Further out, KBR's exposure to government and energy infrastructure projects could offer upside, depending on how infrastructure spending and commodity prices pan out. Shareholders could also benefit if there's substantial corporate tax reform in the United States. Donald Trump talked on the campaign trail about reducing corporate tax rates to 15%, and KBR estimates its effective tax rate will be 27% in 2017.
5. Developing its first commercial-stage cancer drug
With its shares up 31% already this year, Array BioPharma's stock is on a tear. However, if it can secure FDA approval for its new cancer drug, share prices may climb even higher.

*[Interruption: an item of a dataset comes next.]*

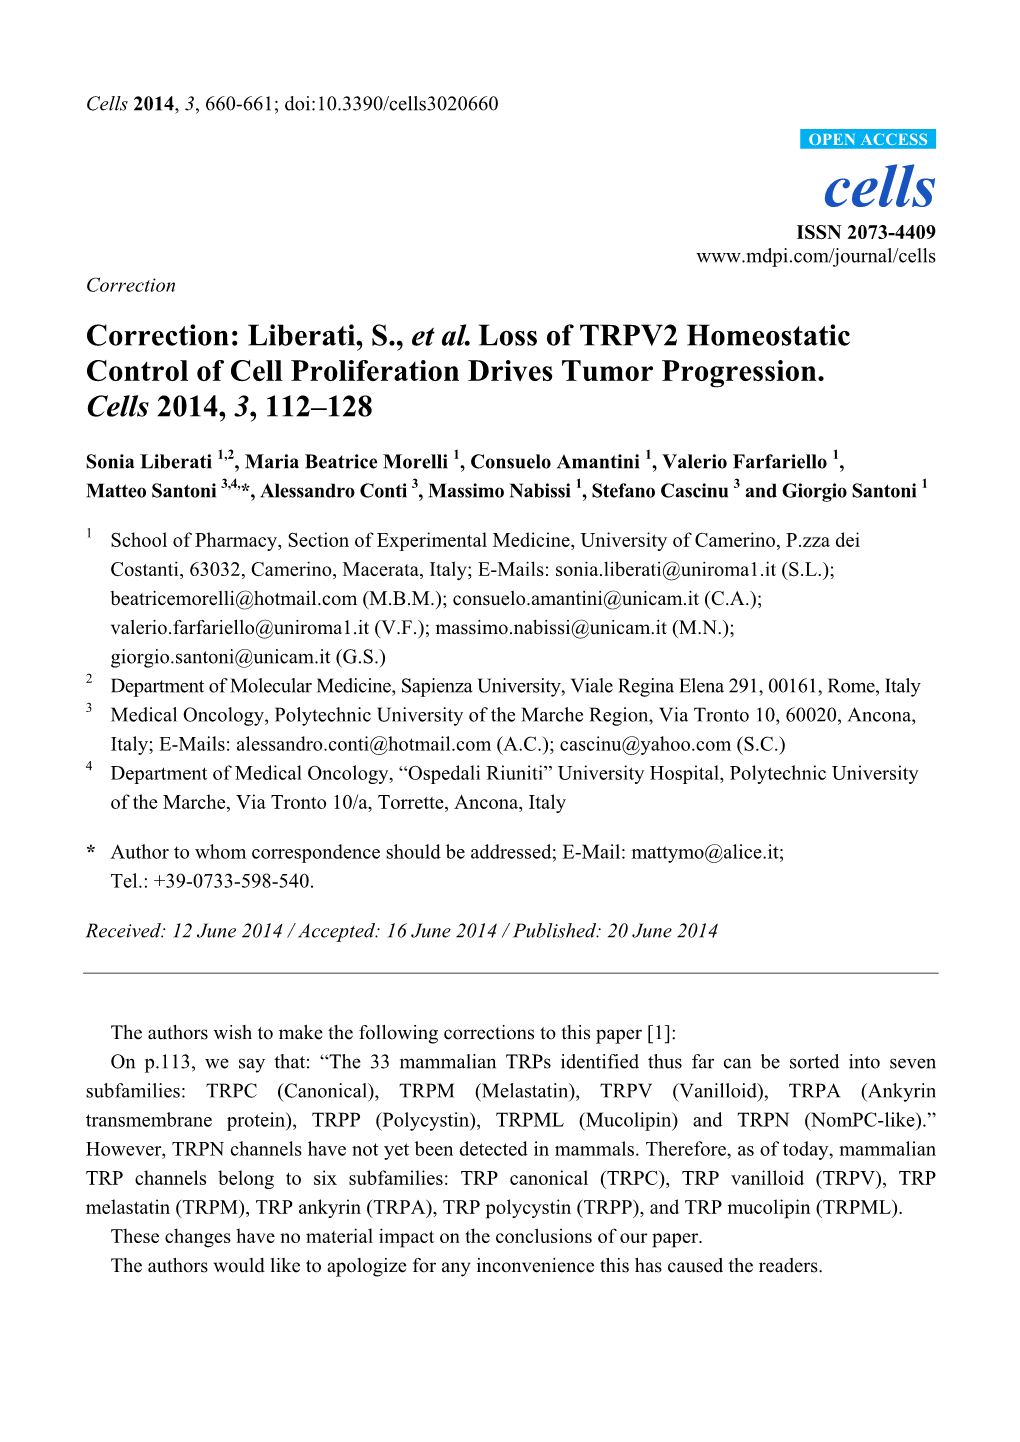 Correction: Liberati, S., Et Al. Loss of TRPV2 Homeostatic Control of Cell Proliferation Drives Tumor Progression

Array BioPharma is working on binimetinib, a drug that can delay disease progression in patients who are diagnosed with a form of melanoma. In trials, patients with NRAS-mutant melanoma didn't see their disease progress for 2.8 months. That matched up favorably with the 1.6 months in patients who were given chemotherapy.
About 20% of all melanoma patients have the genetic makeup binimetinib effectively targets, and there are about 76,000 people who get diagnosed with melanoma annually in the United States. Because many melanoma patients don't respond to existing treatment options, an approval could clear the way to significant sales.
Most new cancer drugs are launching with annual prices north of $100,000, so similar pricing, and an addressable patient pool of about 15,000, could mean binimetinib's sales are into the nine figures. An FDA decision is expected on June 30.
Array BioPharma's got a lot of potential, but it's admittedly a risky stock. There's no guarantee the FDA will approve binimetinib, or that any of the company's other cancer studies will succeed. Since an FDA rejection or trial failure could send its shares reeling, risk-averse investors might be better off focusing on other investment ideas.